■ Problem to solve
From the records below, please print only the lines from the one containing "3D Illustration. Stylish" through the one containing "A Meshed carpet, - Image 21 of 30", both included. Skip the pictures.
[Opening The input section]
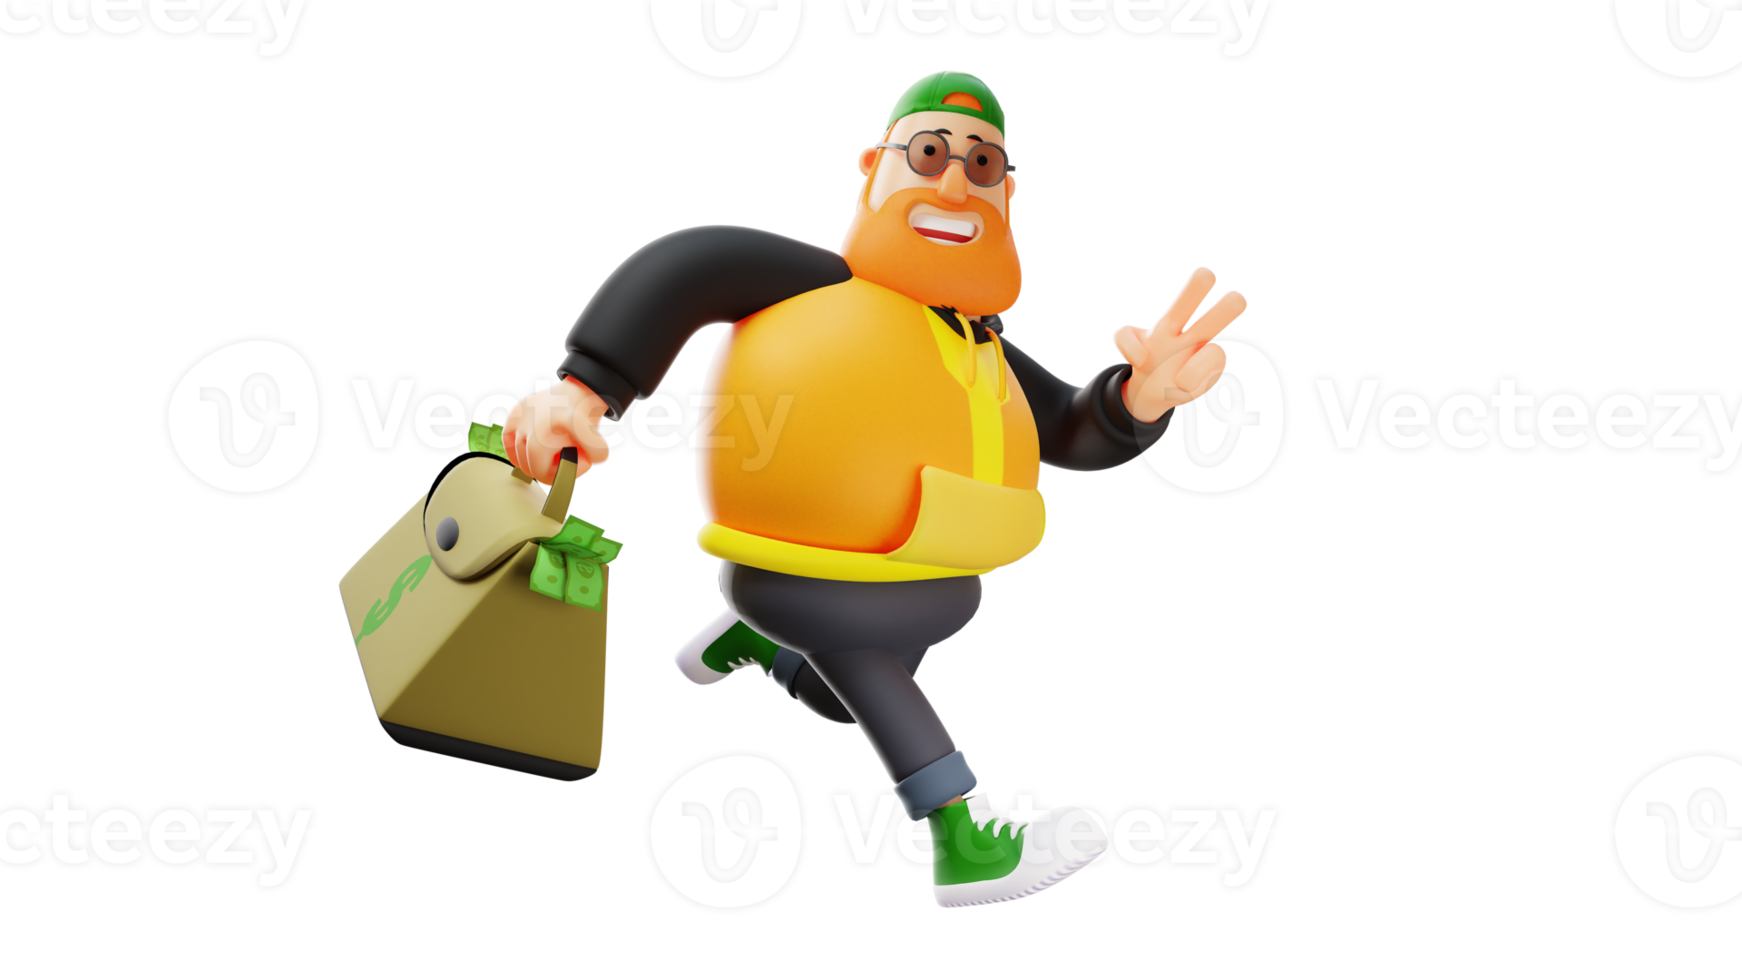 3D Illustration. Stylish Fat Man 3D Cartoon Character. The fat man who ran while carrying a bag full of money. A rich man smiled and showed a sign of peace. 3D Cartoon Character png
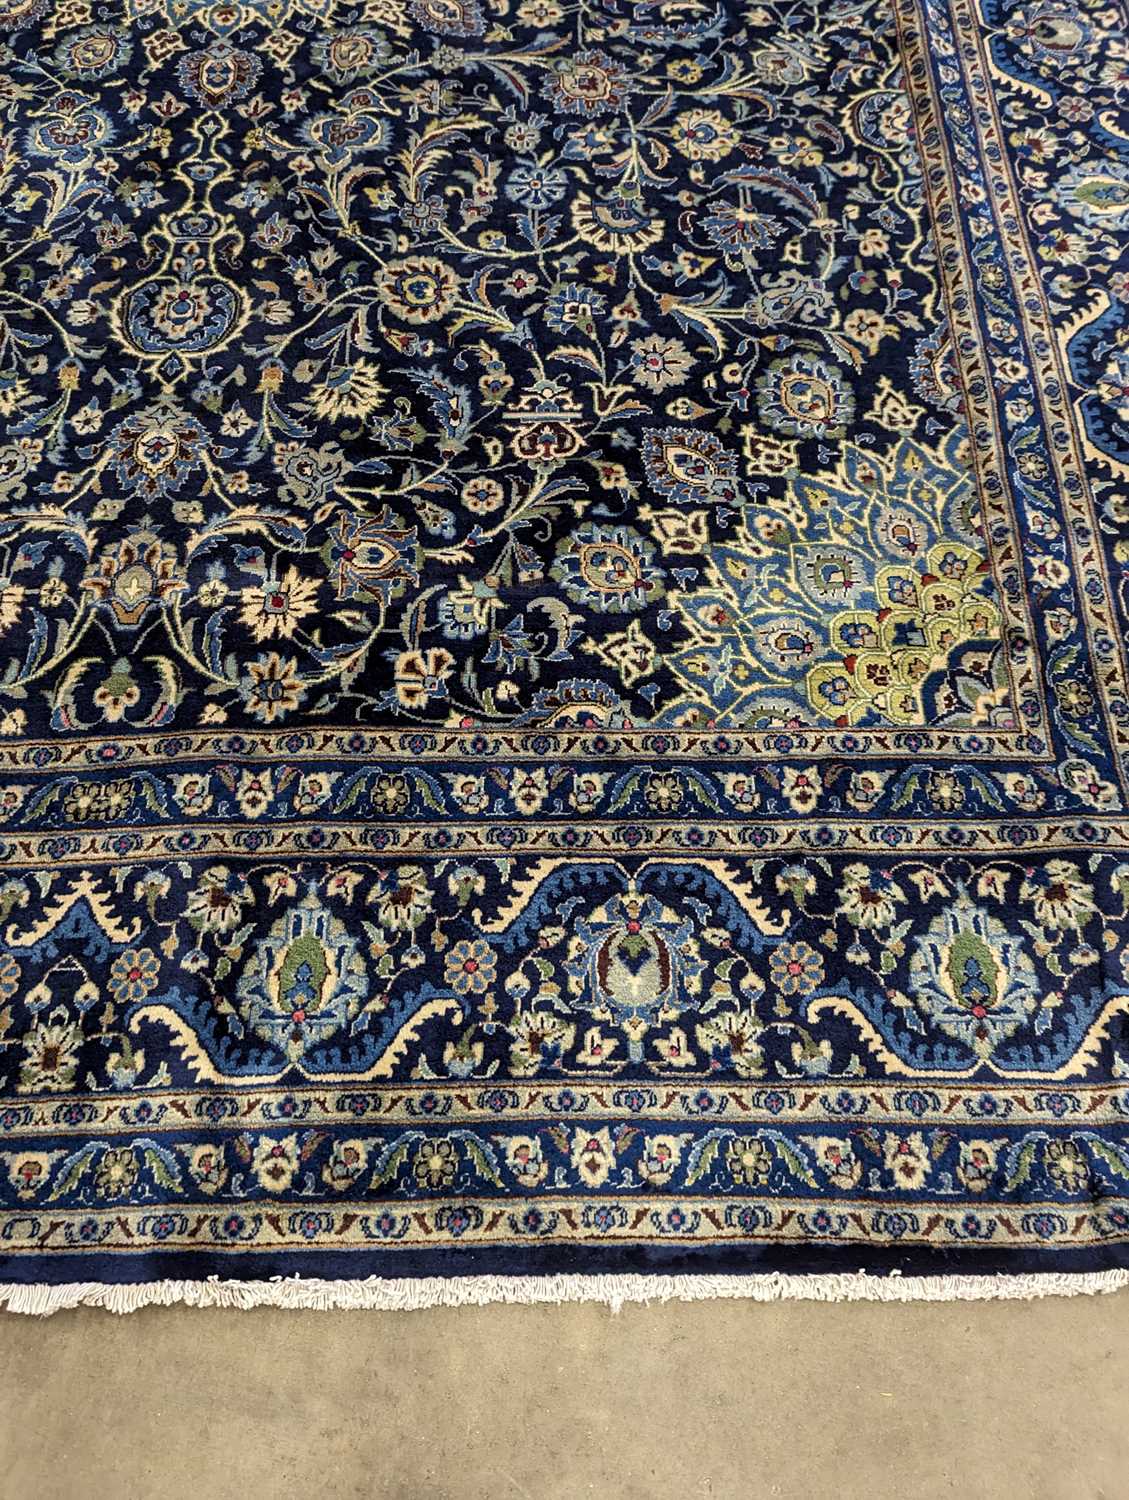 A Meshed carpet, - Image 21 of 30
[Closing The input section]
[Opening The input section]
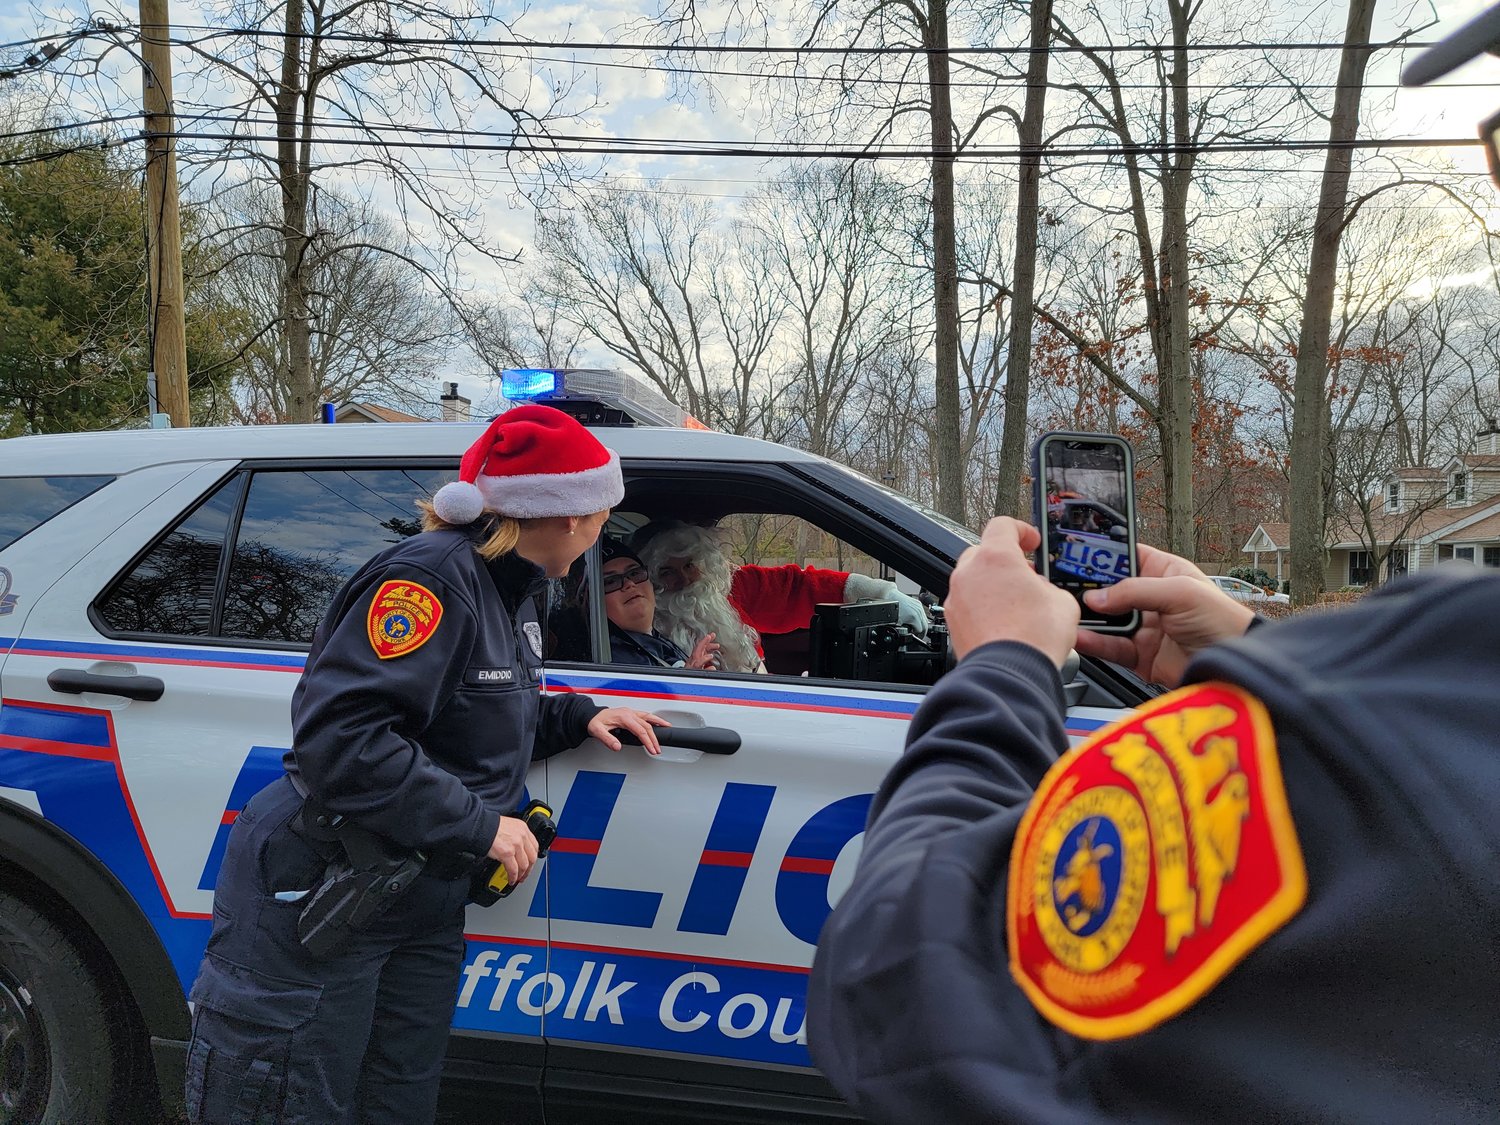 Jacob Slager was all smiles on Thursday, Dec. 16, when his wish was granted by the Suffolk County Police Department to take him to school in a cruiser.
[Closing The input section]
[Opening The input section]
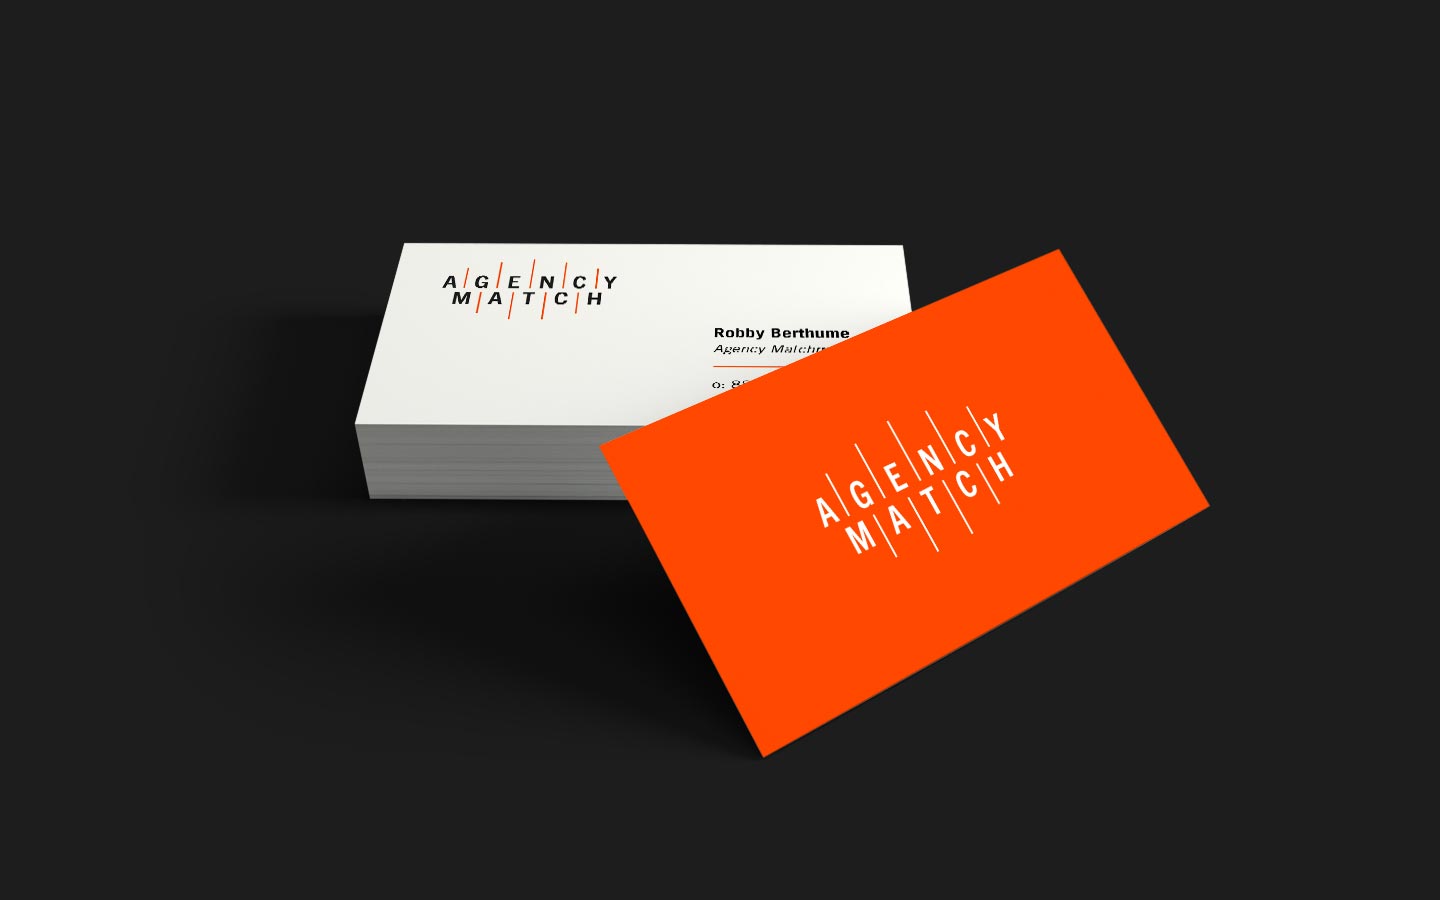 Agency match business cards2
[Closing The input section]
■ Answer to this task
 3D Illustration. Stylish Fat Man 3D Cartoon Character. The fat man who ran while carrying a bag full of money. A rich man smiled and showed a sign of peace. 3D Cartoon Character png
 A Meshed carpet, - Image 21 of 30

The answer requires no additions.